LyondellBasell Industries NV Stock Buy Recommendation Reiterated (LYB)
Editor's Note: TheStreet ratings do not represent the views of TheStreet's staff or its contributors. Ratings are established by computer based on metrics for performance (which includes growth, stock performance, efficiency and valuation) and risk (volatility and solvency). Companies with poor cash flow or high debt levels tend to earn lower ratings in our model.NEW YORK (TheStreet) -- LyondellBasell Industries (NYSE:LYB) has been reiterated by TheStreet Ratings as a buy with a ratings score of B- . The company's strengths can be seen in multiple areas, such as its solid stock price performance, largely solid financial position with reasonable debt levels by most measures and attractive valuation levels. We feel these strengths outweigh the fact that the company has had somewhat weak growth in earnings per share.
- EXCLUSIVE OFFER: Jim Cramer's Protégé, Dave Peltier, only buys Stocks Under $10 that he thinks could potentially double. See what he's trading today with a 14-day FREE pass
- Compared to its closing price of one year ago, LYB's share price has jumped by 73.77%, exceeding the performance of the broader market during that same time frame. Regarding the stock's future course, although almost any stock can fall in a broad market decline, LYB should continue to move higher despite the fact that it has already enjoyed a very nice gain in the past year.

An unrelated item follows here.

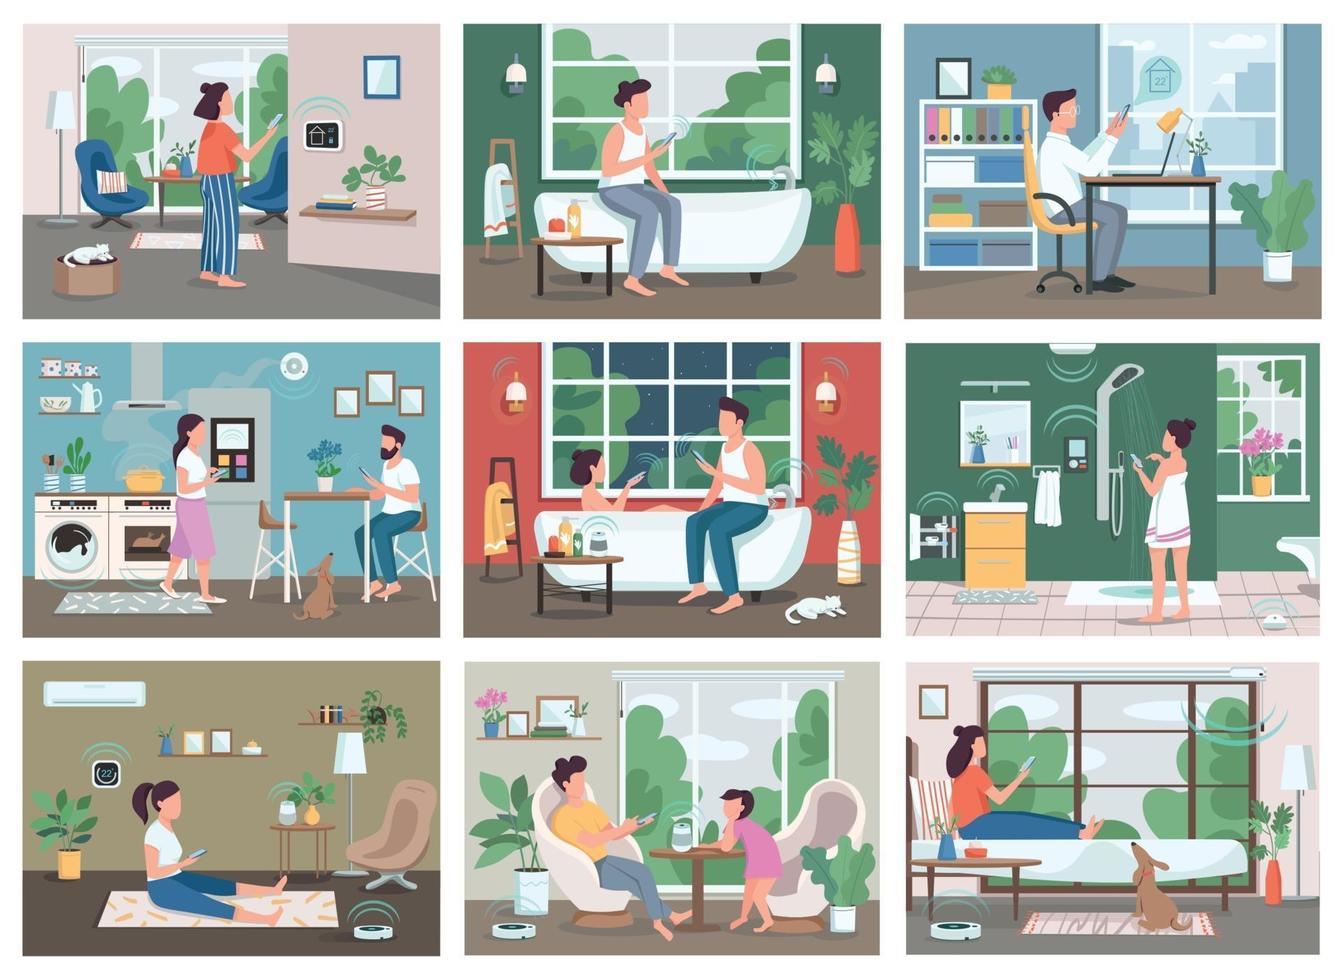 flache Farbvektorillustrationen der Smart Home-Technologie eingestellt. junge Leute mit Smartphones 2d Zeichentrickfiguren. iot, futuristische Innovationen im häuslichen Leben. automatisierte Fernbedienung für Haushaltsgeräte vektor

- The current debt-to-equity ratio, 0.38, is low and is below the industry average, implying that there has been successful management of debt levels. Along with the favorable debt-to-equity ratio, the company maintains an adequate quick ratio of 1.38, which illustrates the ability to avoid short-term cash problems.
- LYB, with its decline in revenue, slightly underperformed the industry average of 5.7%. Since the same quarter one year prior, revenues fell by 15.5%. Weakness in the company's revenue seems to have hurt the bottom line, decreasing earnings per share.
- The change in net income from the same quarter one year ago has exceeded that of the S&P 500 and the Chemicals industry average. The net income has decreased by 4.2% when compared to the same quarter one year ago, dropping from $804.00 million to $770.00 million.
--Written by a member of TheStreet Ratings Staff.FREE for a limited time only: Get TheStreet Ratings #1 Stock Report NOW!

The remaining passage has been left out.